Location
- 801 S Dennison Road Tehachapi, California 93561
- Coordinates: 35°07′20″N 118°26′00″W﻿ / ﻿35.122276°N 118.433326°W

Information
- Type: Public
- Motto: Home of the Warriors
- School district: Tehachapi Unified School District
- Principal: Cristina Libatique
- Teaching staff: 55.88 (FTE)
- Grades: 9-12
- Enrollment: 1,260 (2024–2025)
- Student to teacher ratio: 22.55 (FTE)
- Colors: Green and Black
- Athletics conference: CIF Central Section South Yosemite Mountain League
- Nickname: Warriors
- Information: (661) 822-2130
- Website: https://ths.tehachapiusd.com/

= Tehachapi High School =

Tehachapi High School is the single comprehensive high school serving students in grades 9–12 in the Tehachapi, California area.

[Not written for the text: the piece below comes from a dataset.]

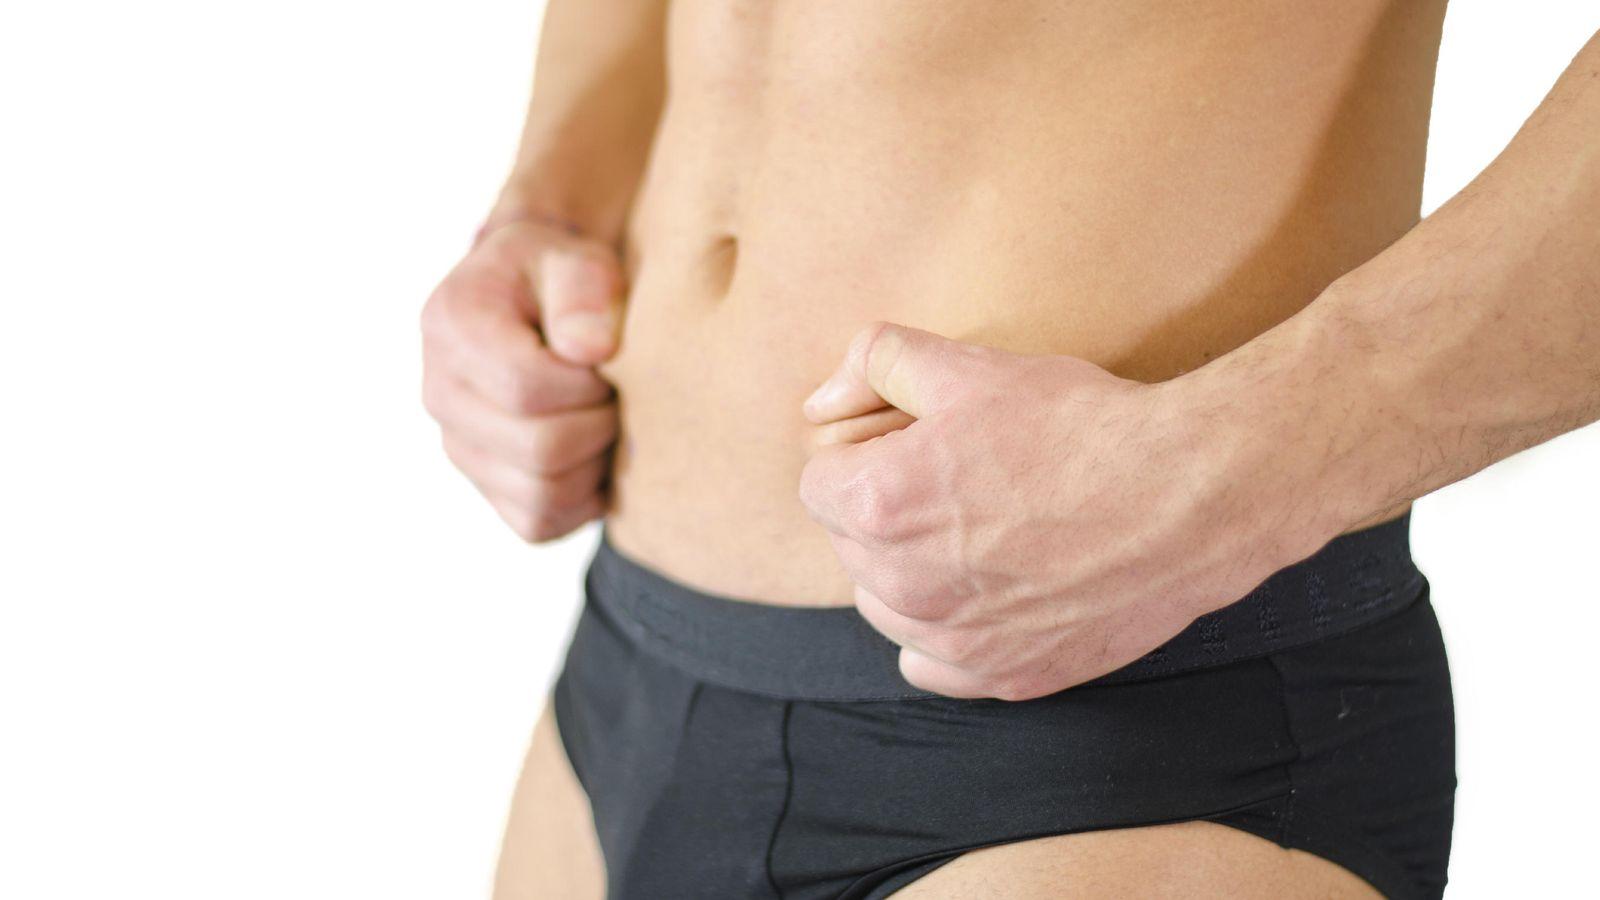 Foro Orlistat , La píldora que elimina grasas
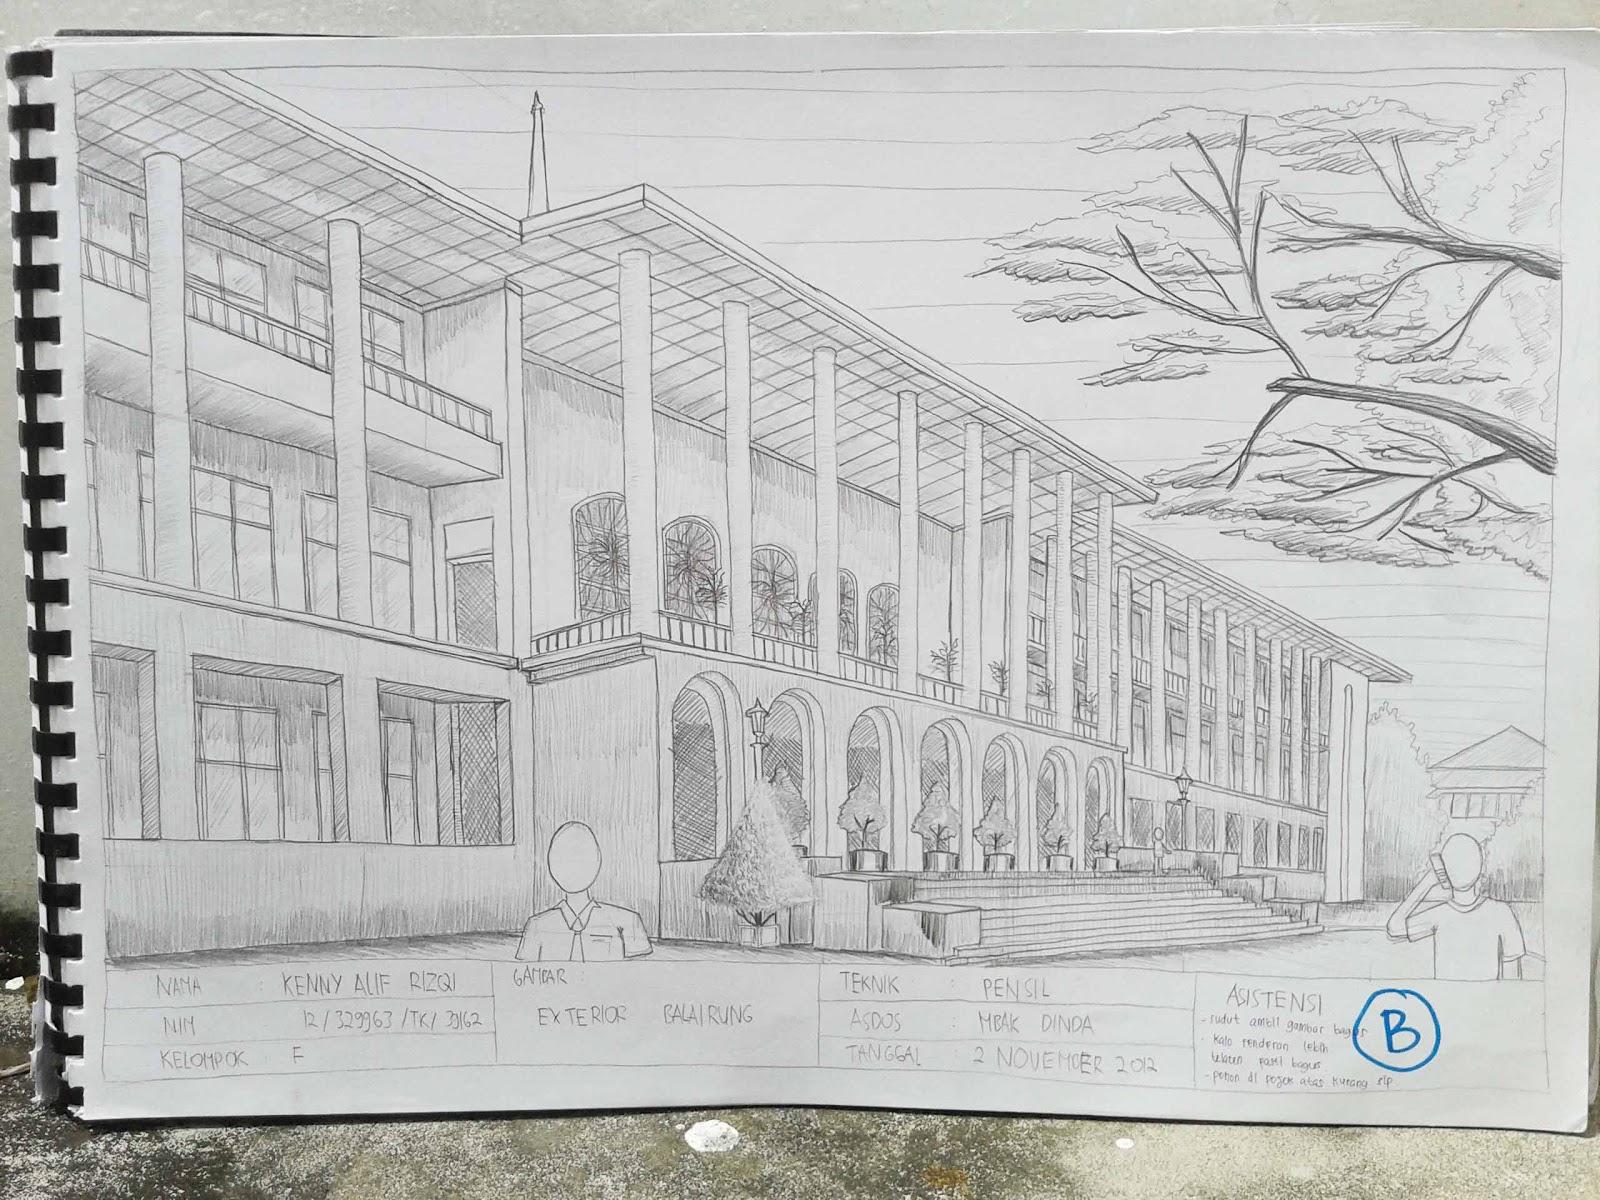 Gambar Sketsa Gedung Perkotaan Sobsketsa

Tehachapi High School is part of the Tehachapi Unified School District, a K-12 school district. Tehachapi High School has a current enrollment of 1,500-plus, with district enrollment of approximately 4,900.

The high school was founded circa 1928. Classes were held in a home originally built by Russell Peery in the 1890s in Cummings Valley. The house was dismantled and moved to Tehachapi where it served as the high school until the original high school buildings could be completed.

The current campus was opened in 2003 after the community passed a $1.5 million bond in 1999 for the purpose of building a new high school. It is divided into wings with an open plan. There are no interior hallways at Tehachapi High. The design originated with a Central Valley school without the Tehachapi Valley's wind. When the school first opened, students were injured by the wind slamming doors open and shut, requiring changes to the doors' construction.

The gym and cafeteria underwent major transformations to give it a cafe-like feel with bar stools, booths, and individual seating to accommodate nearly 1,700 students using funds that could not be used to pay staff or for educational purposes. Over a summer, the Associated Student Body team got together to effect the changes.